WHAT IS NEEDED ▸ Only an exact copy of the lines from the one containing "Berrylush Women Navy" through the last line of the material below belongs in the answer, with no pictures.

PROVIDED DATA ▸
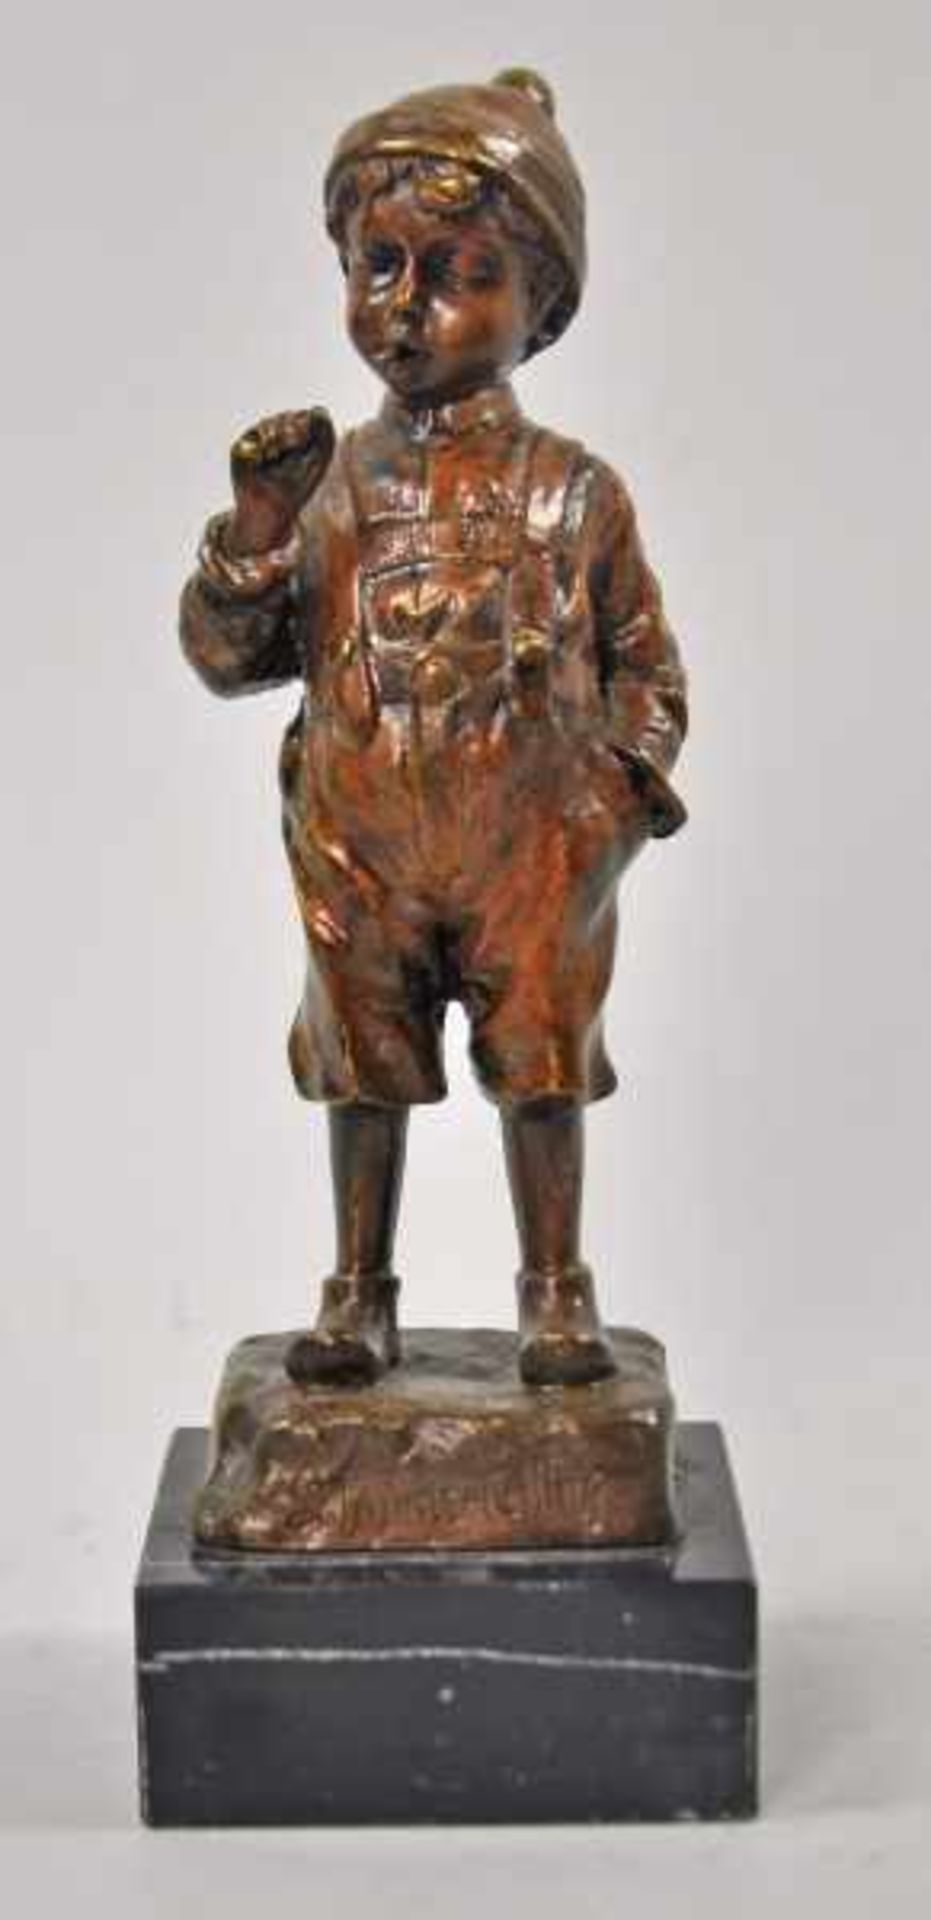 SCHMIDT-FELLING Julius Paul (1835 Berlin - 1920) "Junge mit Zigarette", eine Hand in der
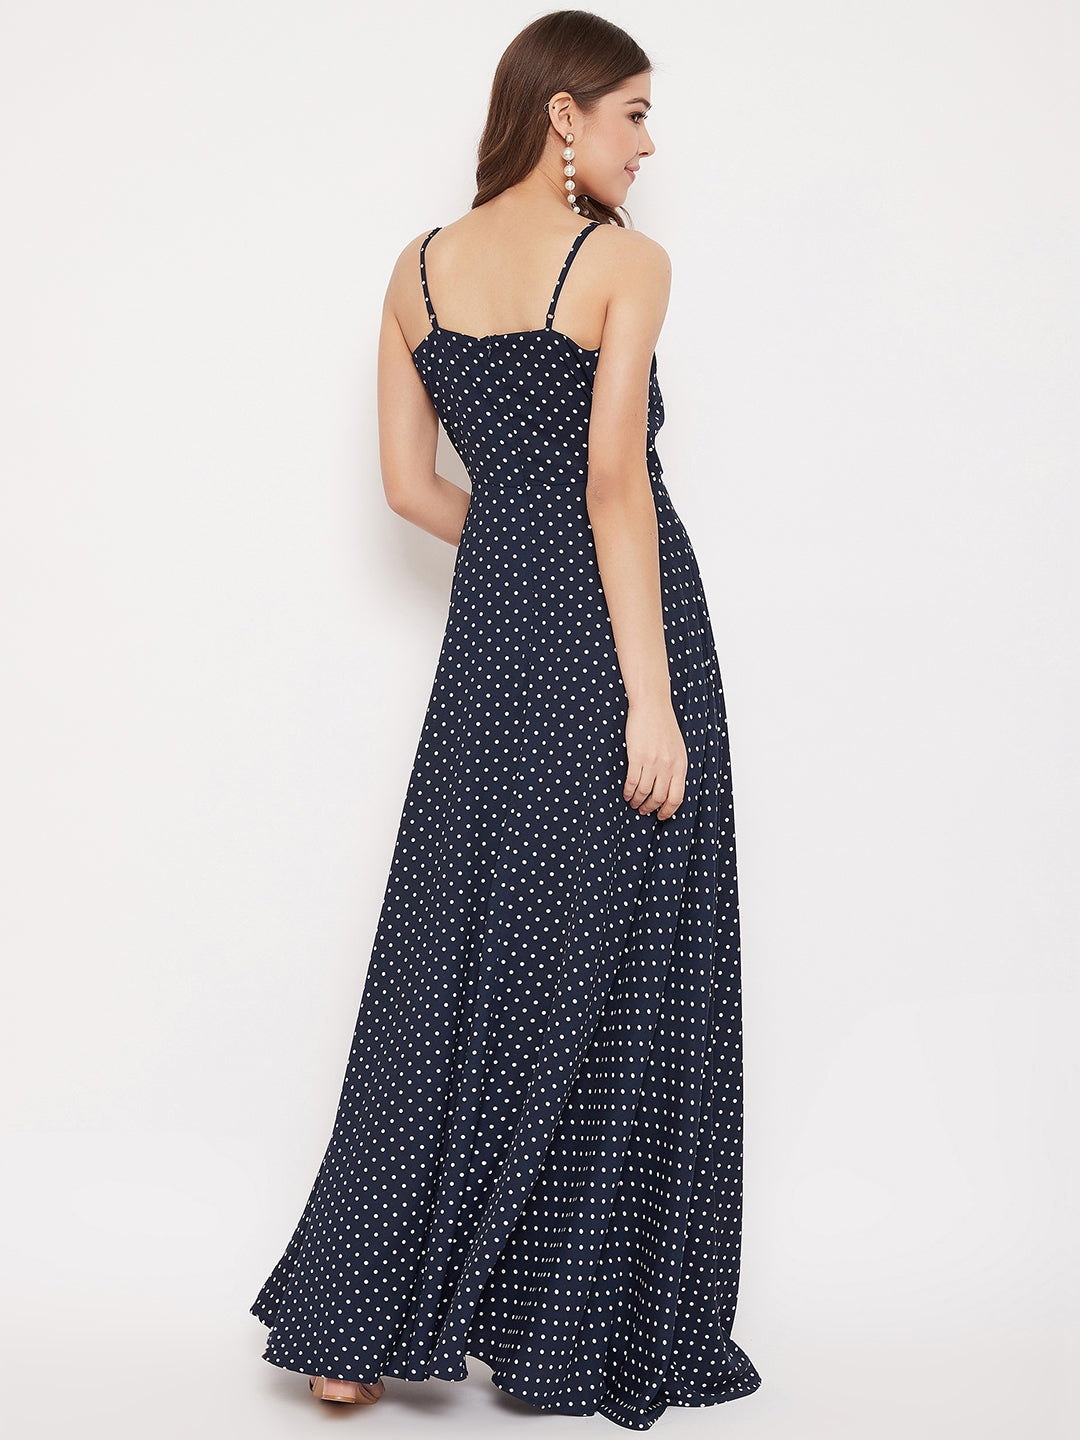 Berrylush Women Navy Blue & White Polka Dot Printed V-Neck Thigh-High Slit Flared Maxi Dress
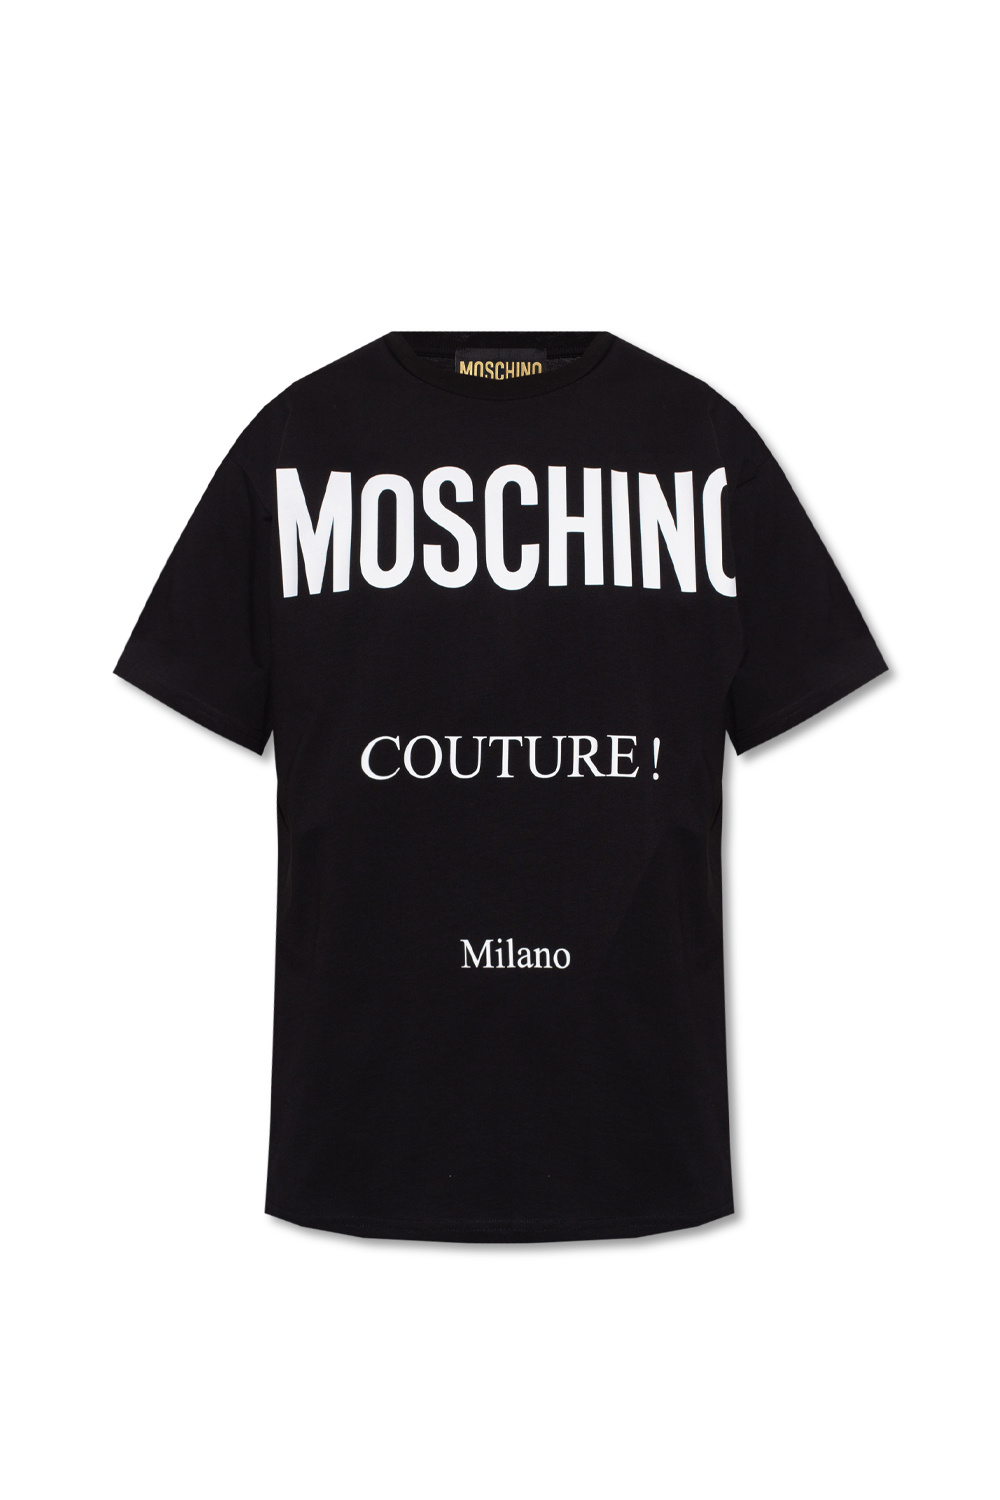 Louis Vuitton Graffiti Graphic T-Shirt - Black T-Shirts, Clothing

ANSWER SECTION ▸
 Berrylush Women Navy Blue & White Polka Dot Printed V-Neck Thigh-High Slit Flared Maxi Dress
 Louis Vuitton Graffiti Graphic T-Shirt - Black T-Shirts, Clothing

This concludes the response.